Forward declare typedef within C++ class

Question

What's the best solution to forward declare a typedef within a class. Here's an example of what I need to solve:

class A;
class B;

class A
{
    typedef boost::shared_ptr<A> Ptr;

    B::Ptr foo();
};

class B
{
    typedef boost::shared_ptr<B> Ptr;

    A::Ptr bar();
};

I suppose I could just do the following:

boost::shared_ptr<B> foo();

But is there a more elegant solution?

Answer 1

There is no such thing as forward declaring a typedef unfortunately. However, there's a trick using late template instantiation:

template <typename T> class BImpl;

template <typename T>
class AImpl
{
public:
    typedef boost::shared_ptr<AImpl> Ptr;
    typename BImpl<T>::Ptr foo();
};

template <typename T>
class BImpl
{
public:
    typedef boost::shared_ptr<BImpl> Ptr;
    typename AImpl<T>::Ptr bar();
};

typedef AImpl<void> A;
typedef BImpl<void> B;

This should hopefully accomplish the thing you're aiming for.

Answer 2

You're facing two distinct difficulties: 1. There are no forward declarations of typedefs 2. Forward declarations of nested types are not possible

There is no way around the second: you have to unnest the types.
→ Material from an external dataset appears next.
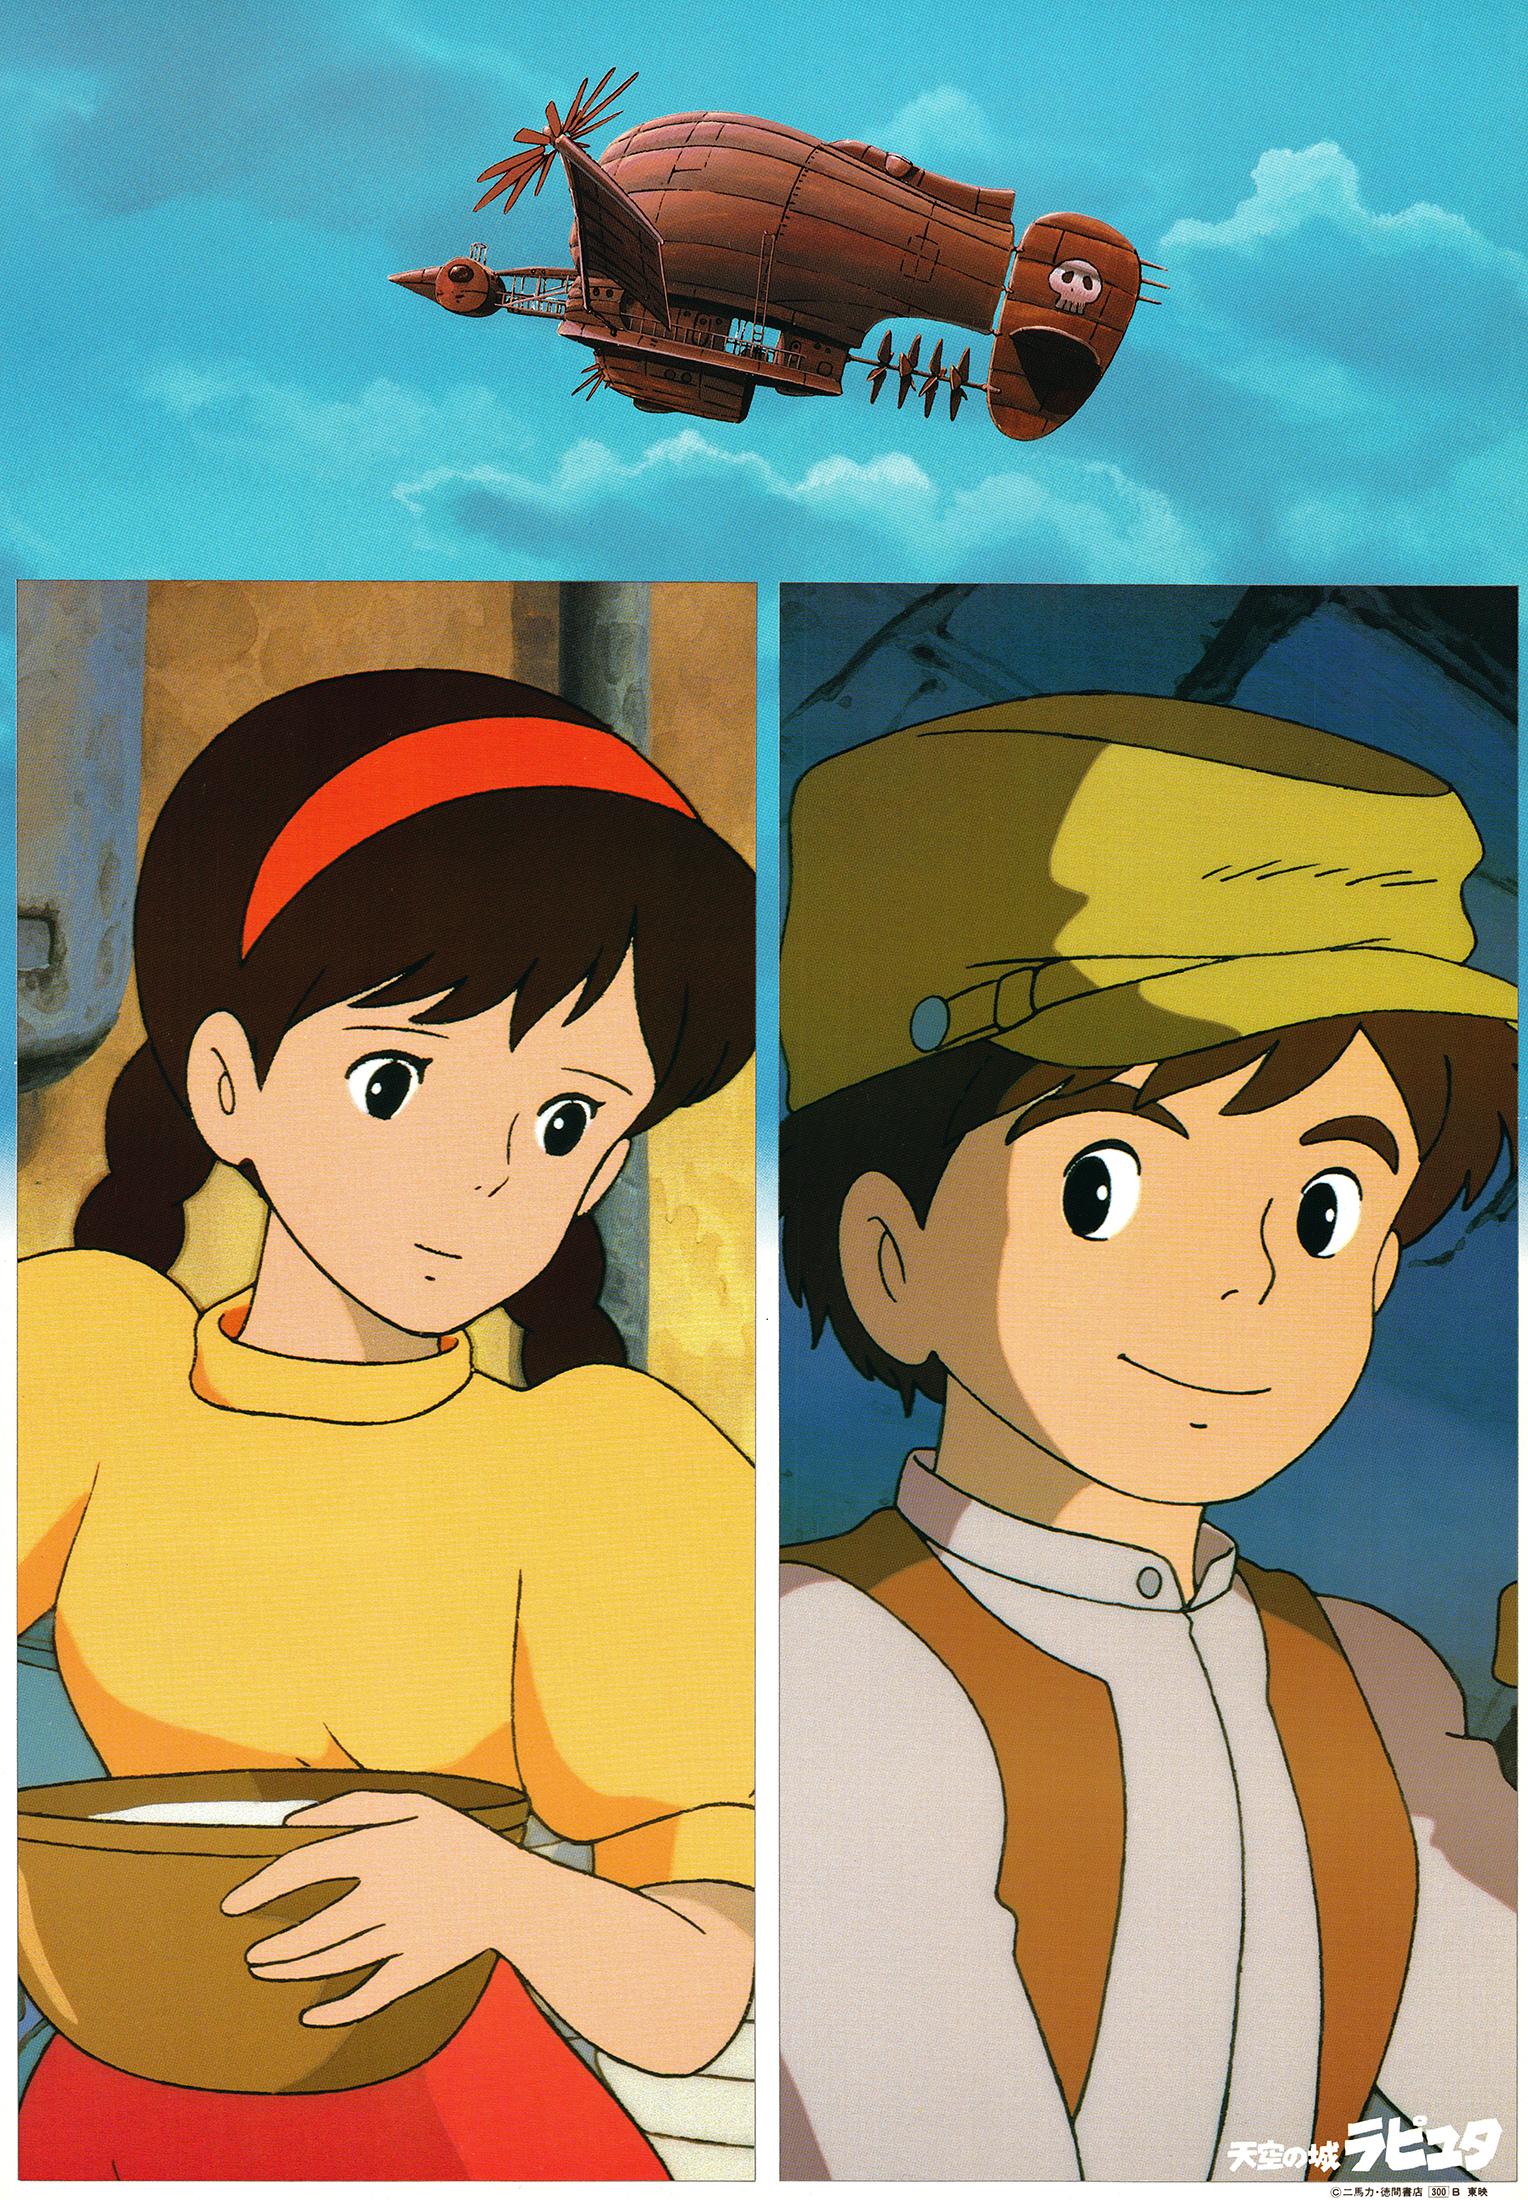 Laputa: Castle in the Sky Original Vintage Movie Poster, 1986, Studio Ghibli - Print by Unknown

One way around the first that I occasionally use is to make a derived type, and that yes, can be forwardly declared.

Say:

struct Ptr : shared_ptr<A> {};

This is a new type, but it is almost the same as a synonym. The problem, of course, is constructors, but that is getting better with C++11.

This answer, of course, is in general. For your specific case, I think you should define the Ptrs outside the classes and you would have no problem at all.

struct A;
struct B;
typedef shared_ptr<A> APtr;
typedef shared_ptr<B> BPtr;

and then the classes.

Answer 3

There's no way to forward declare either

1. A typedef
2. A name in another class

So - you can't forward declare a typedef and if you could, you still wouldn't be able to do that, because you'd need to do this:

class B::Ptr;

and that's not possible

Answer 4

You cannot.

But you can decouple the Ptr definition of the classes:

class A;
class B;

template <typename T>
struct Traits {
    typedef std::shared_ptr<A>  Ptr; 
};

class A
{
    Traits<B>::Ptr foo();
};

class B
{
    Traits<A>::Ptr bar();
};

If A and B does not share the same types, you always can specialize Traits for all type.

Answer 5

As others have noted, you cannot forward-declare typedefs. That's in part because typedefs aren't really "types" of their own, but aliases for other types (hence the C++11 equivalent notion of a "type alias" such as "using Int = int;"). That means, for example, that typedefs don't show up in ABI elements such as mangled names, and so the compiler really has to know enough of the underlying type to satisfy all ABI requirements (including how to mangle the type name).